#### [What the exercise asks]
In the listing below, a line holding "Los Reyes Juan" and a line holding "Игрушка купаться. Игрушки" mark the range. Retype both exactly, with all lines between them.
○ ○ ○
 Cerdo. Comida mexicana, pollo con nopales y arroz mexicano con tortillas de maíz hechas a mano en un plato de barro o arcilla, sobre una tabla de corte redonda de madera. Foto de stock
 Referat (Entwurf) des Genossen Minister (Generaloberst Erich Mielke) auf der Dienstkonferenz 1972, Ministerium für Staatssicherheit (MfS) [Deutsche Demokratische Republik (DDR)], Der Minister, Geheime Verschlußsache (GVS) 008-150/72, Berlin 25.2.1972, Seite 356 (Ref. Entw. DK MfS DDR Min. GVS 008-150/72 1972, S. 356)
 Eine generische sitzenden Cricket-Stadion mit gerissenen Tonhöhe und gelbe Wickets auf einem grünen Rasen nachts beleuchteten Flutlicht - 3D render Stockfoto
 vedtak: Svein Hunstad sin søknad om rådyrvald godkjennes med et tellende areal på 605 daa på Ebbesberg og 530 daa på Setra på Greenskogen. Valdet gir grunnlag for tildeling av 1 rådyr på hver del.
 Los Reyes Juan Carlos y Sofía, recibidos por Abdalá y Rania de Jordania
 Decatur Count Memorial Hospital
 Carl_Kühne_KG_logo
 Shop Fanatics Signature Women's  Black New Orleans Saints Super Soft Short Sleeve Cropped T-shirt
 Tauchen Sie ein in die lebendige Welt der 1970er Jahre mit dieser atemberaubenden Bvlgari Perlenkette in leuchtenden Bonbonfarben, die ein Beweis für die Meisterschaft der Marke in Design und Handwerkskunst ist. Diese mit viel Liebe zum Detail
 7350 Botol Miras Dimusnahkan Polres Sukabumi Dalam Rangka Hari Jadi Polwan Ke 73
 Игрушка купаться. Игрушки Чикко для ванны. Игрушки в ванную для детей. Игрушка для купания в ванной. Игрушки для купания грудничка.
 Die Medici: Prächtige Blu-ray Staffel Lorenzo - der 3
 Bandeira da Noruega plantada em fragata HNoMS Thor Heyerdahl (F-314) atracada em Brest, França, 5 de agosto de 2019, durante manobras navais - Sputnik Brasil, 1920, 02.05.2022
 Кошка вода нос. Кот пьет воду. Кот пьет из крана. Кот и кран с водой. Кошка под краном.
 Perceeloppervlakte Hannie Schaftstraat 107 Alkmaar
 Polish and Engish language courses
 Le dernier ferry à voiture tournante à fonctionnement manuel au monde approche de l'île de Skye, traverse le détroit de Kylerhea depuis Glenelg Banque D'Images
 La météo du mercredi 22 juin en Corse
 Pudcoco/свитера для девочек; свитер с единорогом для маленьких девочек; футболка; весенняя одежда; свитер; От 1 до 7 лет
○ ○ ○
#### [Answer space]
 Los Reyes Juan Carlos y Sofía, recibidos por Abdalá y Rania de Jordania
 Decatur Count Memorial Hospital
 Carl_Kühne_KG_logo
 Shop Fanatics Signature Women's  Black New Orleans Saints Super Soft Short Sleeve Cropped T-shirt
 Tauchen Sie ein in die lebendige Welt der 1970er Jahre mit dieser atemberaubenden Bvlgari Perlenkette in leuchtenden Bonbonfarben, die ein Beweis für die Meisterschaft der Marke in Design und Handwerkskunst ist. Diese mit viel Liebe zum Detail
 7350 Botol Miras Dimusnahkan Polres Sukabumi Dalam Rangka Hari Jadi Polwan Ke 73
 Игрушка купаться. Игрушки Чикко для ванны. Игрушки в ванную для детей. Игрушка для купания в ванной. Игрушки для купания грудничка.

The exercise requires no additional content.